ここで、一般にある装置が識別器を用いた識別処理を実行する際には、学習時に用いた特徴量と同じ種類の特徴量が必要となる。これはすなわち、情報処理装置１が保持する識別器が、個人情報に関する特徴量等のように一般に秘匿することが望まれている特徴量を用いる場合、通信端末２の利用者が情報処理装置１に識別処理を実行させるためにはそのような特徴量を情報処理装置１に提供する必要があることを意味する。通信端末２の利用者はそのような特徴量を郵送等のオフラインで情報処理装置１に提供することも考えられるが、利便性や速度、紛失の懸念等を考慮すると、必ずしも最適な解決策とは言えない。 Here, in general, when a certain device executes a classification process using a classifier, the same type of feature amount as that used at the time of learning is required. That is, when the discriminator held by the information processing device 1 uses a feature amount that is generally desired to be concealed, such as a feature amount related to personal information, the user of the communication terminal 2 can use the information processing device 1 Means that it is necessary to provide such information to the information processing apparatus 1 in order to cause the information processing apparatus 1 to execute the identification processing. It is conceivable that the user of the communication terminal 2 provides such a feature amount to the information processing apparatus 1 off-line by mail or the like. However, considering the convenience, speed, concern about loss, and the like, it is not necessarily the best solution. I can't say.
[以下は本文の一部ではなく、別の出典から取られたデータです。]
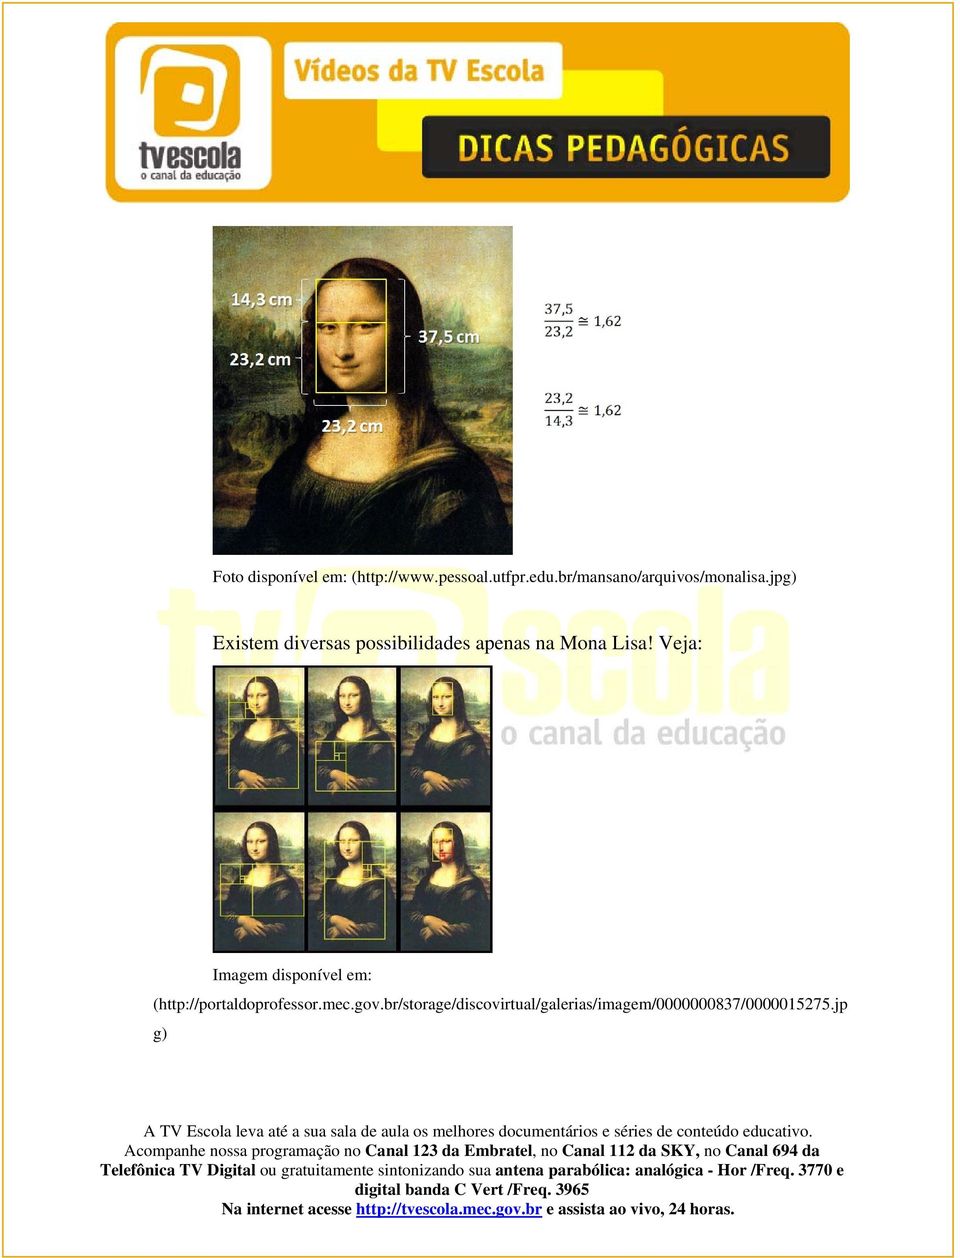 jpg) Existem diversas possibilidades apenas na Mona Lisa!

そこで実施の形態に係る情報処理装置１は、識別器を実行するために必要な特徴量のうち、秘匿することが望まれている特徴量を除いた特徴量を通信端末２から取得する。情報処理装置１は、通信端末２から取得した特徴量に基づいて、除かれている特徴量を推定して補完する。情報処理装置１は、通信端末２から取得した特徴量と補完した特徴量とに基づいて、識別器を用いた識別処理を実行して結果を通信端末２に送信する。これにより、利用者は、秘匿することが望まれている特徴量を情報処理装置１に送信することなく、そのような特徴量を用いた識別器による識別処理の結果を得ることができる。
以下、実施の形態に係る情報処理装置１についてより詳細に説明する。 Therefore, the information processing apparatus 1 according to the embodiment acquires, from the communication terminal 2, a feature amount excluding a feature amount desired to be concealed among feature amounts required to execute the classifier. The information processing apparatus 1 estimates and complements the removed feature based on the feature acquired from the communication terminal 2. The information processing device 1 executes an identification process using an identifier based on the feature amount acquired from the communication terminal 2 and the complemented feature amount, and transmits the result to the communication terminal 2. Accordingly, the user can obtain the result of the identification processing by the classifier using such a feature amount without transmitting the feature amount desired to be kept secret to the information processing apparatus 1.
Hereinafter, the information processing apparatus 1 according to the embodiment will be described in more detail.

＜情報処理装置１の機能構成＞
図２は、実施の形態に係る情報処理装置１の機能構成を模式的に示す図である。実施の形態に係る情報処理装置１は、通信部１０、記憶部２０、及び制御部３０を備える。 <Functional Configuration of Information Processing Apparatus 1>
FIG. 2 is a diagram schematically illustrating a functional configuration of the information processing apparatus 1 according to the embodiment. The information processing device 1 according to the embodiment includes a communication unit 10, a storage unit 20, and a control unit 30.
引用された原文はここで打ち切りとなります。